Out-Of-Memory Prevention#
If application tasks or actors consume a large amount of heap space, it can cause the node to run out of memory (OOM). When that happens, the operating system will start killing worker or raylet processes, disrupting the application. OOM may also stall metrics and if this happens on the head node, it may stall the dashboard or other control processes and cause the cluster to become unusable.
In this section we will go over:
What is the memory monitor and how it works
How to enable and configure it
Also view Debugging Out of Memory to learn how to troubleshoot out-of-memory issues.
What is the memory monitor?#
The memory monitor is a component that runs within the raylet process on each node. It monitors the memory usage, which includes the worker heap, the object store, and the raylet as described in memory management. If the combined usage exceeds a configurable threshold the raylet will kill a task or actor process to free up memory and prevent Ray from failing.

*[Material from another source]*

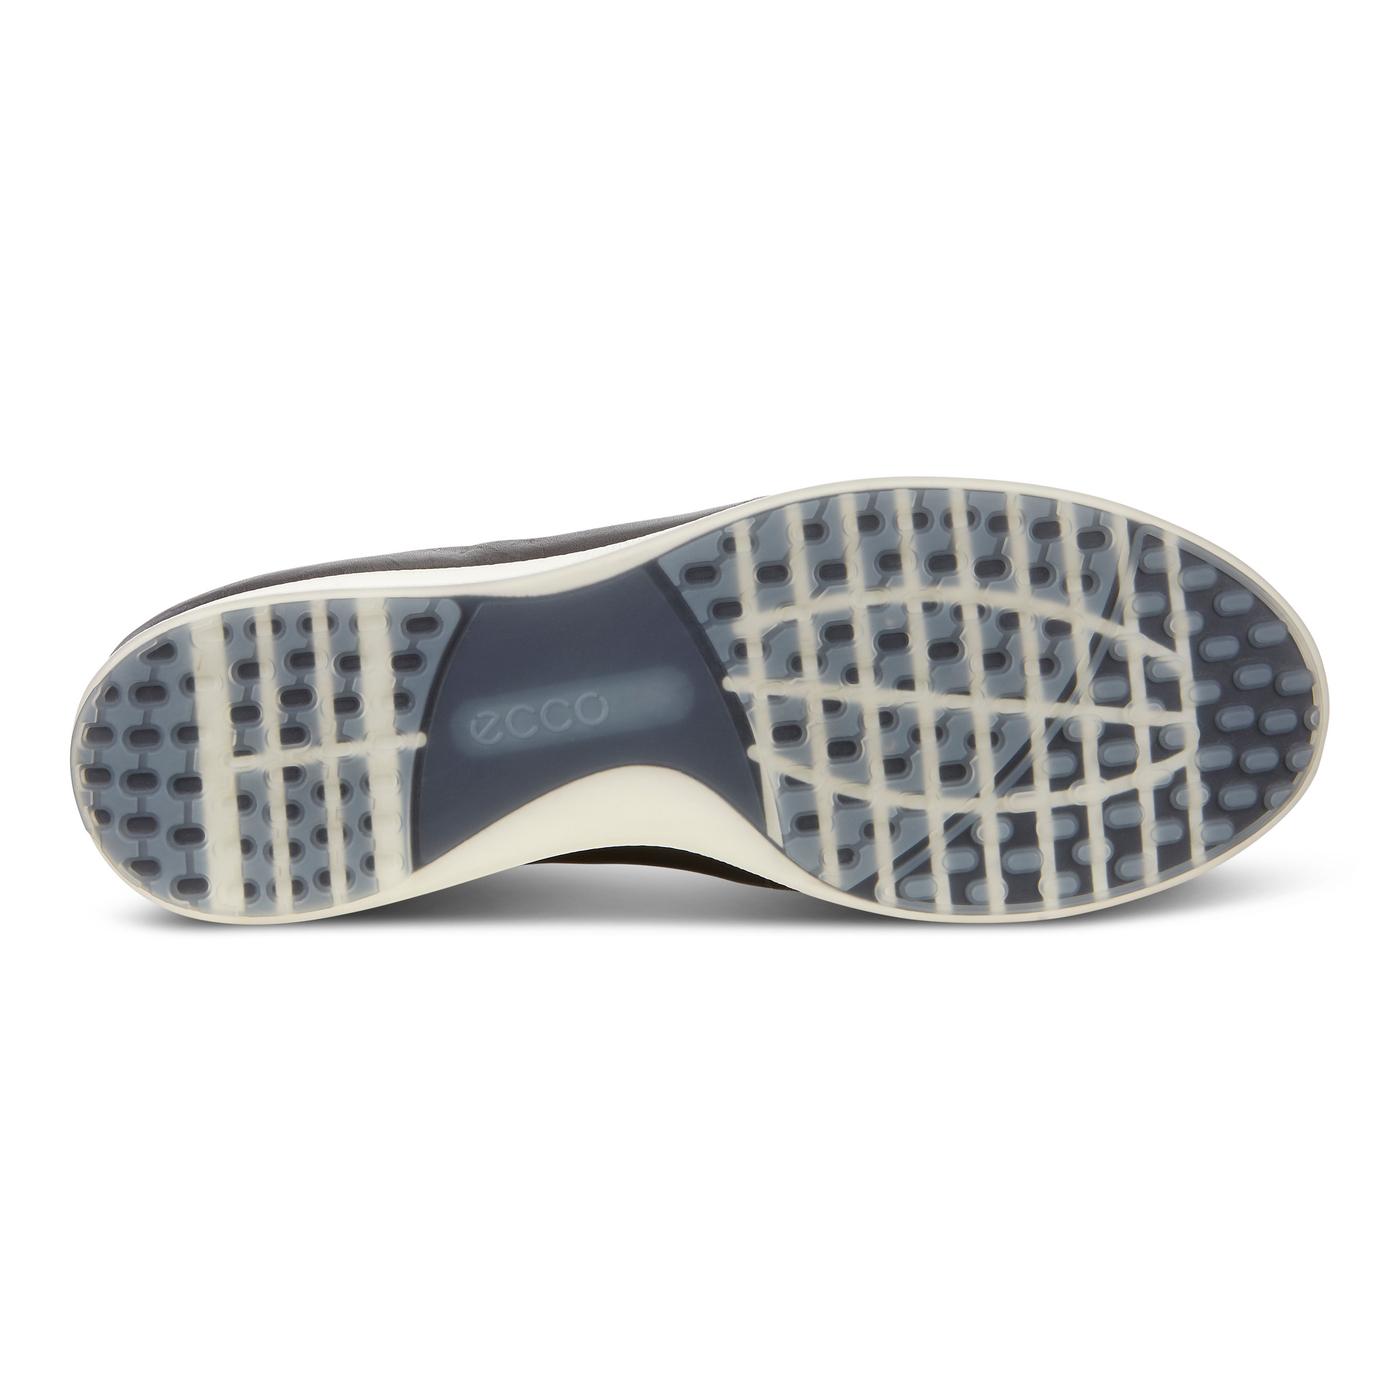 ECCO COOL LADIES Shoe

It’s available on Linux and is tested with Ray running inside a container that is using cgroup v1/v2. If you encounter issues when running the memory monitor outside of a container, file an issue or post a question.
What to expect?#
The default memory monitoring system protects the Ray node from node death due to memory contention and OOM. Compared to the Linux OOM killer, it also aims to preserve as much application progress as possible by killing workers based on the time since the task started executing. However, the default memory monitoring system makes no guarantees.
Starting in Ray 2.56, with resource isolation enabled, the memory monitoring system provides the following:
Zero kernel OOM kills (work-preserving) when resource isolation is enabled and system-reserved memory is configured to cover the memory footprint of critical Ray system processes (raylet, gcs, agents) and other system overhead.
Zero Ray OOM kills under the above configuration when tasks and actors specify accurate logical memory requests.
Zero node deaths due to memory contention when resource isolation is enabled and system-reserved memory is configured correctly.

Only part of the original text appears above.